Repeat the data that follows, word for word, without the images.

__RECORDED DATA__.
--------

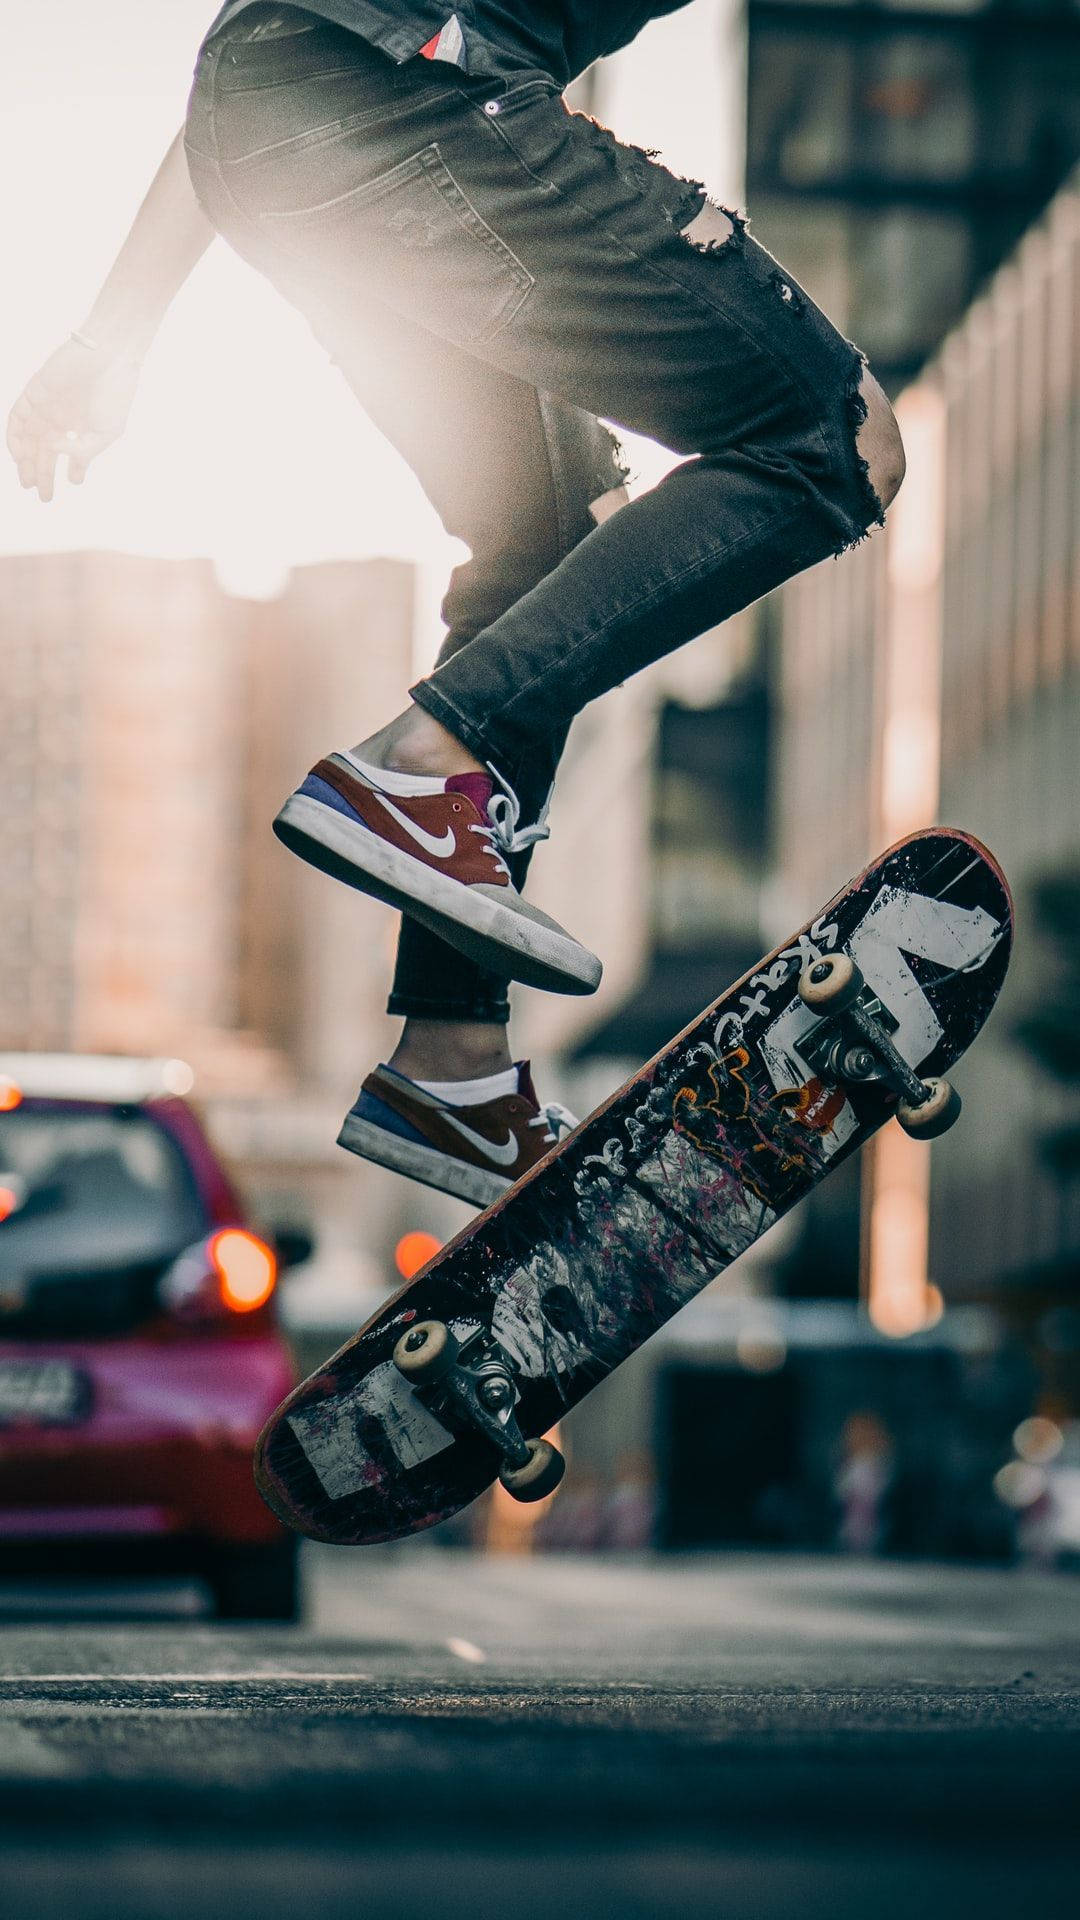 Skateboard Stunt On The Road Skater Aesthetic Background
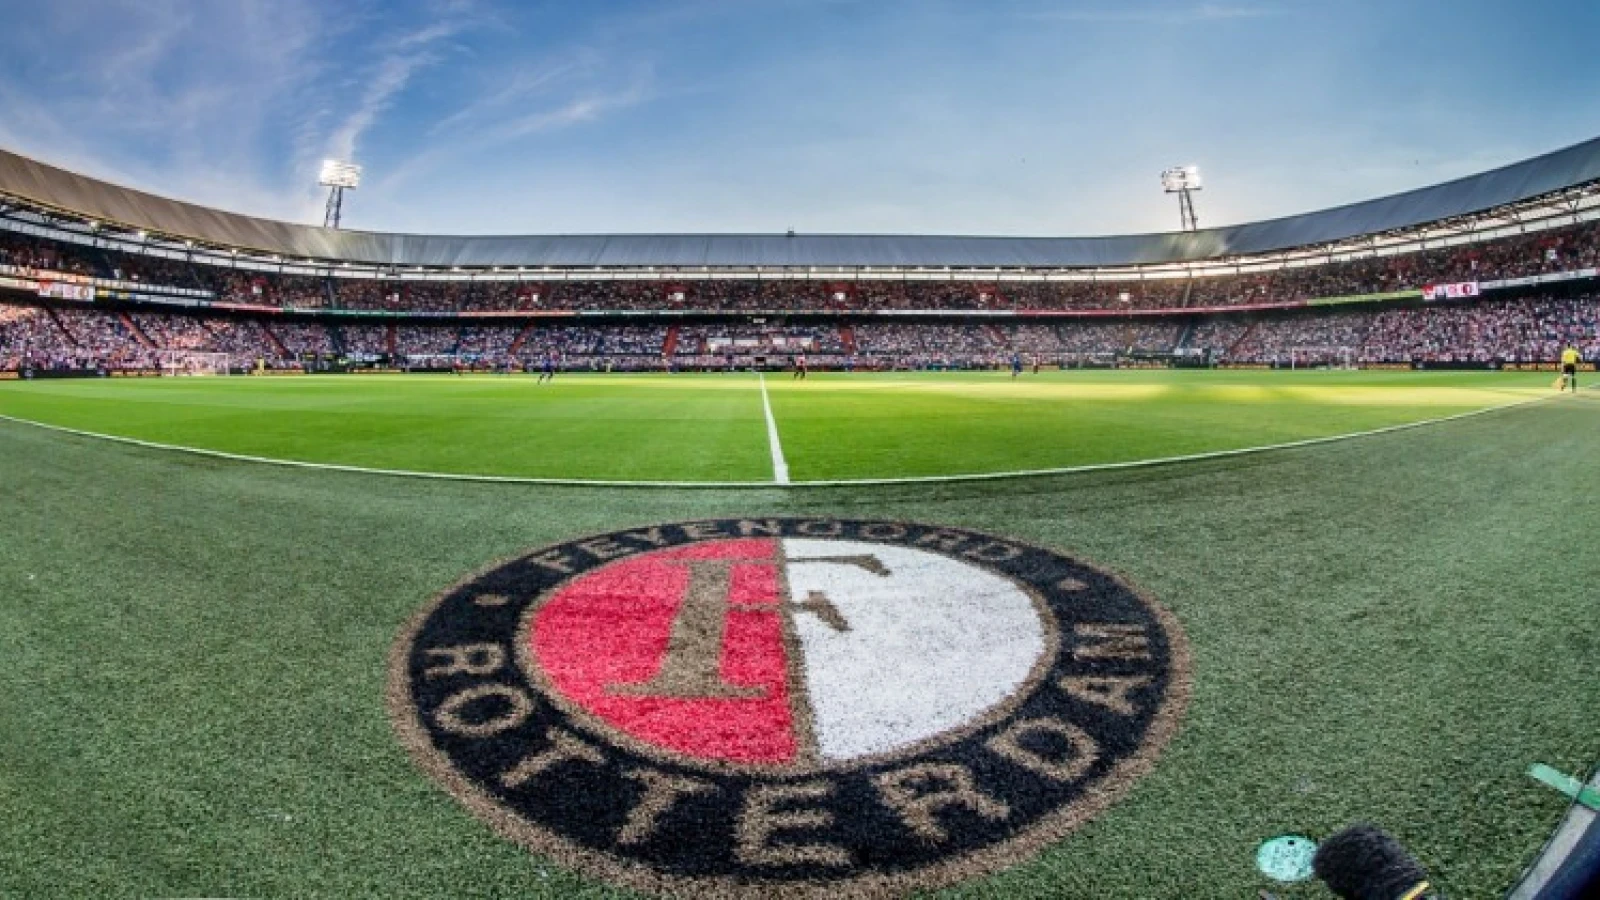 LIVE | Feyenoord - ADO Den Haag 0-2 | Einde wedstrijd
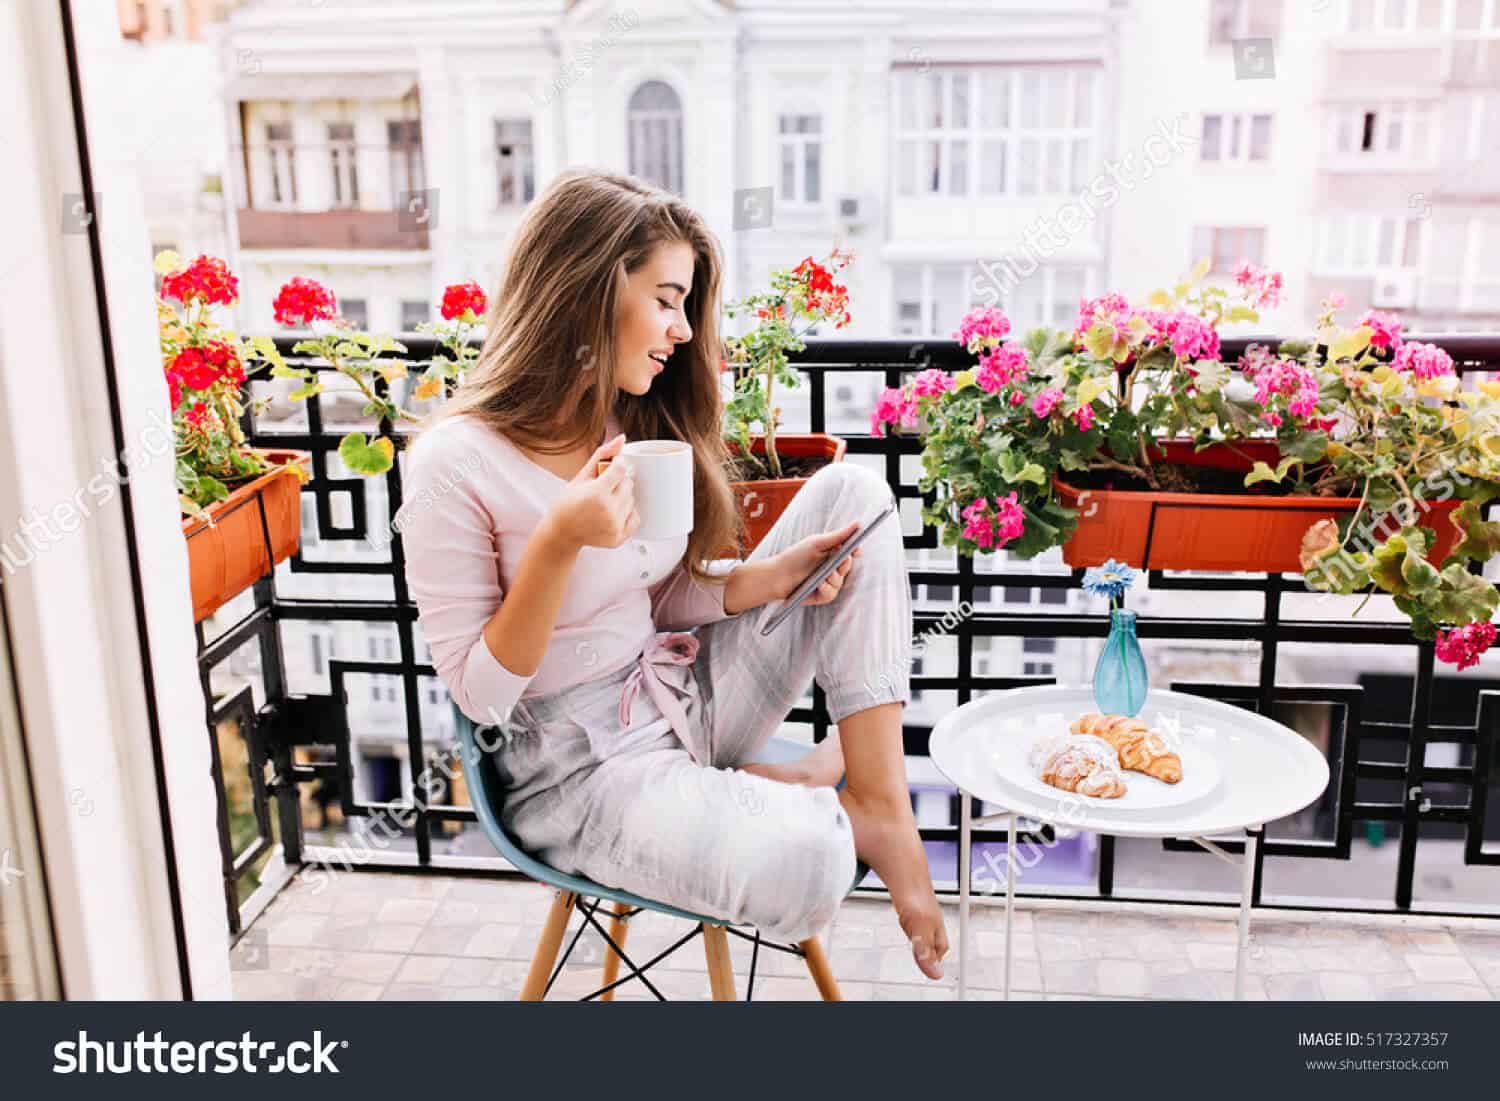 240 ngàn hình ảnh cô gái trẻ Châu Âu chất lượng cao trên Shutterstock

--------

__ANSWER BELOW__.
 Skateboard Stunt On The Road Skater Aesthetic Background
 LIVE | Feyenoord - ADO Den Haag 0-2 | Einde wedstrijd
 240 ngàn hình ảnh cô gái trẻ Châu Âu chất lượng cao trên Shutterstock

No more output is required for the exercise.